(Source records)
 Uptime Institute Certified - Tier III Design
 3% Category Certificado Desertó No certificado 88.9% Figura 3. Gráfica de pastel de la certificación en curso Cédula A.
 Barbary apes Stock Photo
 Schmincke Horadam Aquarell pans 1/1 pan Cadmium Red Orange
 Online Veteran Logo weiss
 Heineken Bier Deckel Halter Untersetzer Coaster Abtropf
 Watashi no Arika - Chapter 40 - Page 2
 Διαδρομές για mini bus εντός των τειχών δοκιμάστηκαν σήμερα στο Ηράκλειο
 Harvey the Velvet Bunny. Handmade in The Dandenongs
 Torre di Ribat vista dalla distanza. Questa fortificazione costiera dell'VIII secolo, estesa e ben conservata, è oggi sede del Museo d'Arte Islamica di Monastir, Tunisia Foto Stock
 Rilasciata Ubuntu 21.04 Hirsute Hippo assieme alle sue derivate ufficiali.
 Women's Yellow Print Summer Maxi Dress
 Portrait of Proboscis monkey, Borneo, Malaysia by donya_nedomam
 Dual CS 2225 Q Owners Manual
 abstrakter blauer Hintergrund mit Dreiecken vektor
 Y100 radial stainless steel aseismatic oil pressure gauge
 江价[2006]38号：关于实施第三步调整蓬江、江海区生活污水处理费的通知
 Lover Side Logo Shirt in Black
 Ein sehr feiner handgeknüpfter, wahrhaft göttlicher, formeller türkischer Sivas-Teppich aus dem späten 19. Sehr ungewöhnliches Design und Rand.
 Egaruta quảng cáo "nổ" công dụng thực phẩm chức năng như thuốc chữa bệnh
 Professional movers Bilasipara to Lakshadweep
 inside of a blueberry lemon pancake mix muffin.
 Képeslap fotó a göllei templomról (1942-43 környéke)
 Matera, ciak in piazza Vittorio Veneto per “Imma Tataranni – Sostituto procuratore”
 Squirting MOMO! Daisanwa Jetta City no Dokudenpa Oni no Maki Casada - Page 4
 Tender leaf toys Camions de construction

Description of the task:
All lines from the one containing "Portrait of Proboscis" to the end of the records, both ends included, should be printed exactly and on their own.

Output for this exercise:
 Portrait of Proboscis monkey, Borneo, Malaysia by donya_nedomam
 Dual CS 2225 Q Owners Manual
 abstrakter blauer Hintergrund mit Dreiecken vektor
 Y100 radial stainless steel aseismatic oil pressure gauge
 江价[2006]38号：关于实施第三步调整蓬江、江海区生活污水处理费的通知
 Lover Side Logo Shirt in Black
 Ein sehr feiner handgeknüpfter, wahrhaft göttlicher, formeller türkischer Sivas-Teppich aus dem späten 19. Sehr ungewöhnliches Design und Rand.
 Egaruta quảng cáo "nổ" công dụng thực phẩm chức năng như thuốc chữa bệnh
 Professional movers Bilasipara to Lakshadweep
 inside of a blueberry lemon pancake mix muffin.
 Képeslap fotó a göllei templomról (1942-43 környéke)
 Matera, ciak in piazza Vittorio Veneto per “Imma Tataranni – Sostituto procuratore”
 Squirting MOMO! Daisanwa Jetta City no Dokudenpa Oni no Maki Casada - Page 4
 Tender leaf toys Camions de construction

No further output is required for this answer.